I saw the repeating 'A' at the end of the base64 text and thought "it's not even 512 bytes; it's smaller!"
That said, the title is just a little clickbaity --- it's a C-subset compiler, and more accurately a JIT interpreter. There also appears to be no attempt at operator precedence. Nonetheless, it's still an impressive technical achievement and shows the value of questioning common assumptions.
Finally, I feel tempted to offer a small size optimisation:
sub ax,2
is 3 bytes whereas
dec ax
dec ax
is 2 bytes.
You may be able to use single-byte xchg's with ax instead of movs, and the other thing which helps code density a lot in 16-bit code is to take advantage of the addressing modes and LEA to do 3-operand add immediates where possible.
Good tip! Yeah, there’s ~20 bytes unused at the end. I kept finding ways to squeeze out a few more and had to tell myself to stop and just publish it already. You could take this further if you really wanted. But it’s already sufficiently absurd.

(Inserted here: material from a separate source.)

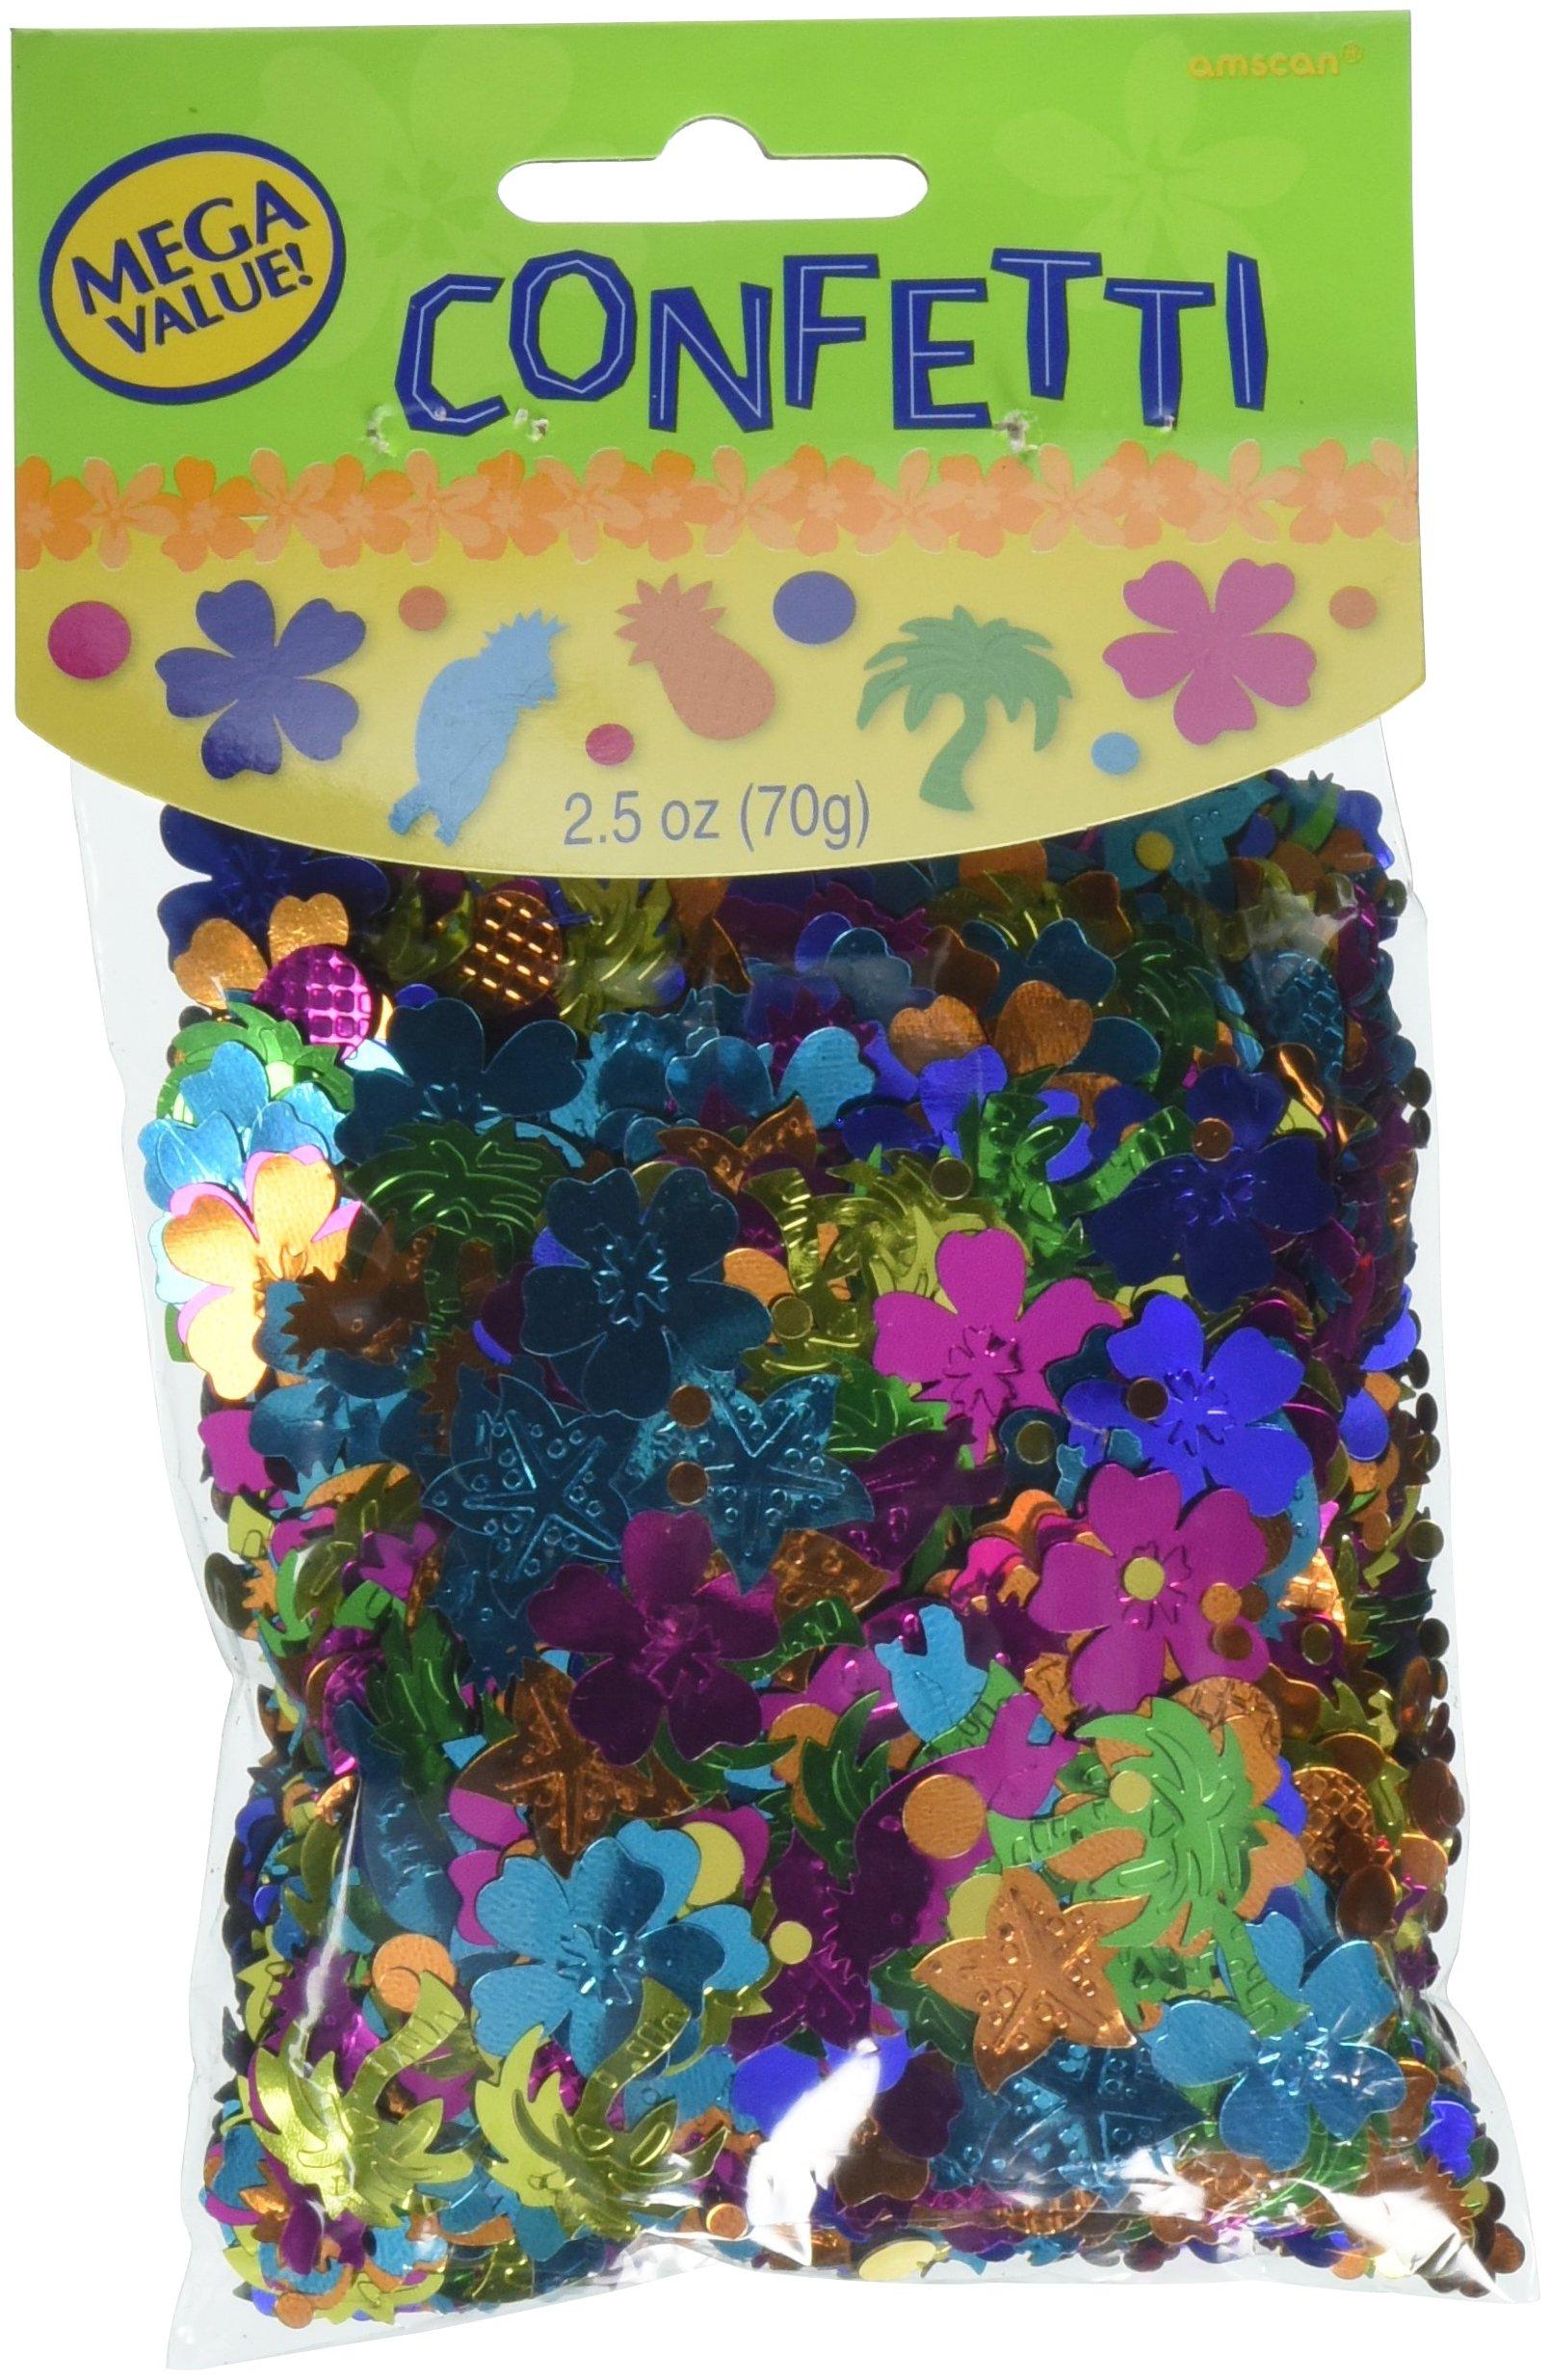 Amscan Tiki Beach Theme Foil Confetti Decoration Mix Party Supplies (12 Piece), Multicolor, 2.5 Oz

This reminded me the idea of compilers bootstrapping (https://news.ycombinator.com/item?id=35714194). That is, now you can code in SectorC some slightly more advanced version of C capable of compiling TCC (https://bellard.org/tcc/), and then with TCC you can go forward to GCC and so on.

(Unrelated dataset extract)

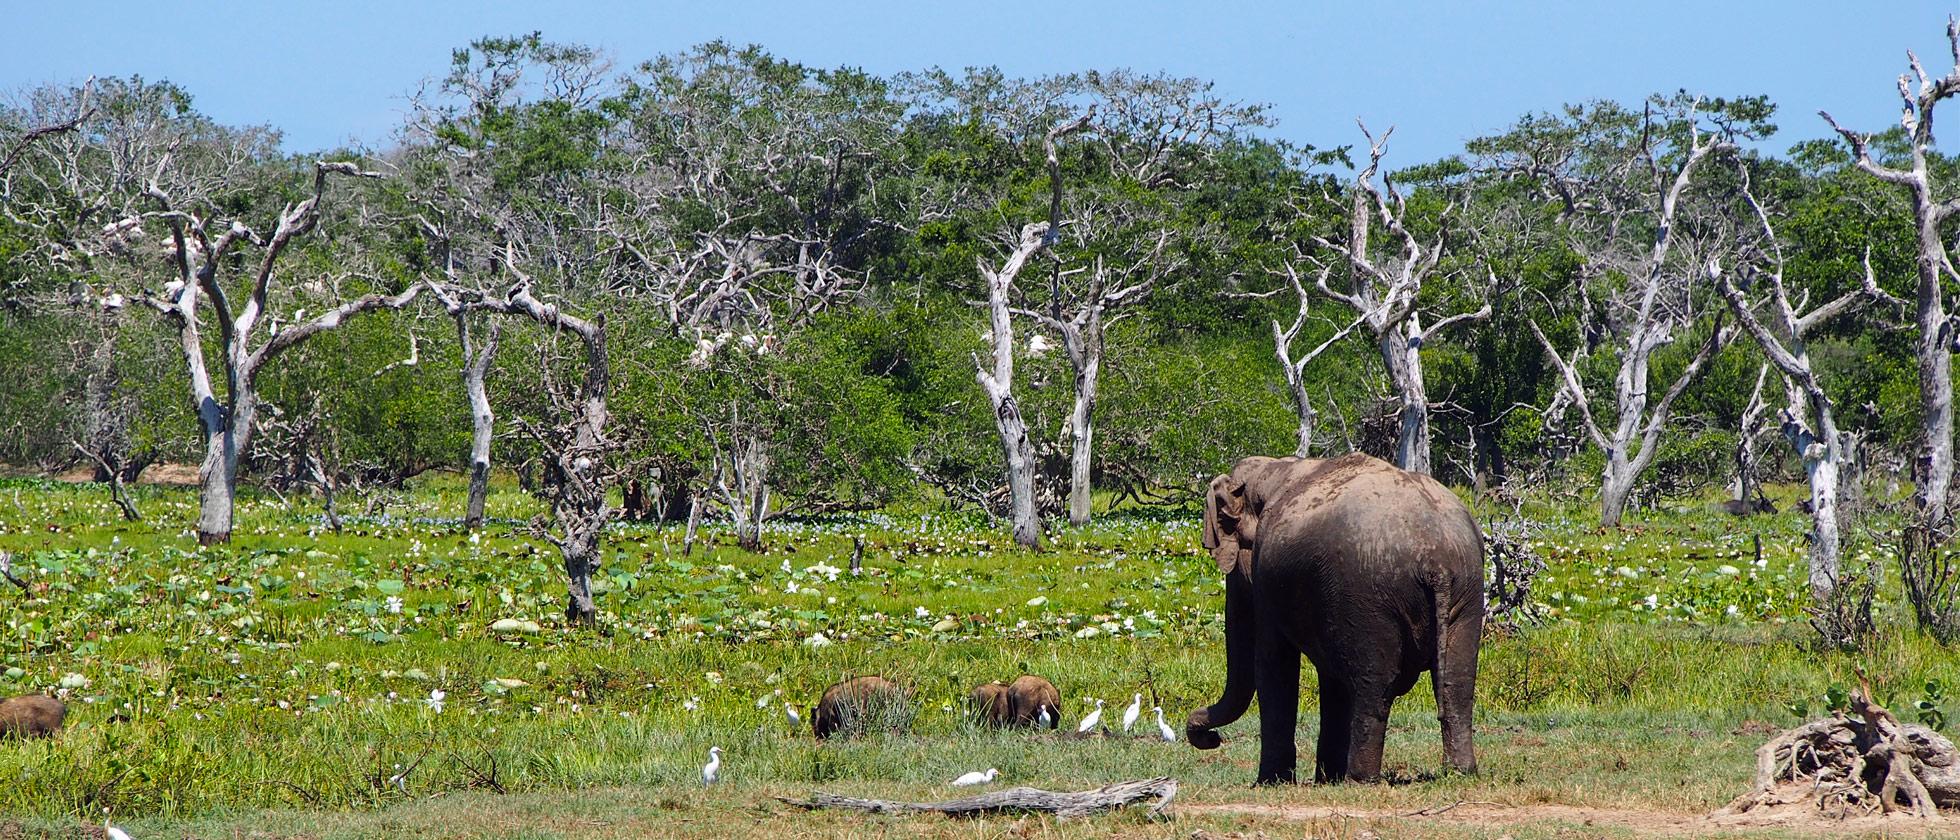 Fotoreportage Yala National Park: Een top safari!

Perhaps my favorite thing in all of computing is the authors of Lisp bootstrapping by writing an (academic) interpreter for Lisp in Lisp, and then realizing they could just compile that by hand.
The TCC step seems unnecessary. If you've got a SectorC C compiler sufficient to compile TCC, it can probably compile the bootstrap compiler used in GCC's 3 stage build process. The bigger issue is probably getting the ancillary tools up and running (a shell, make, coreutils, ...)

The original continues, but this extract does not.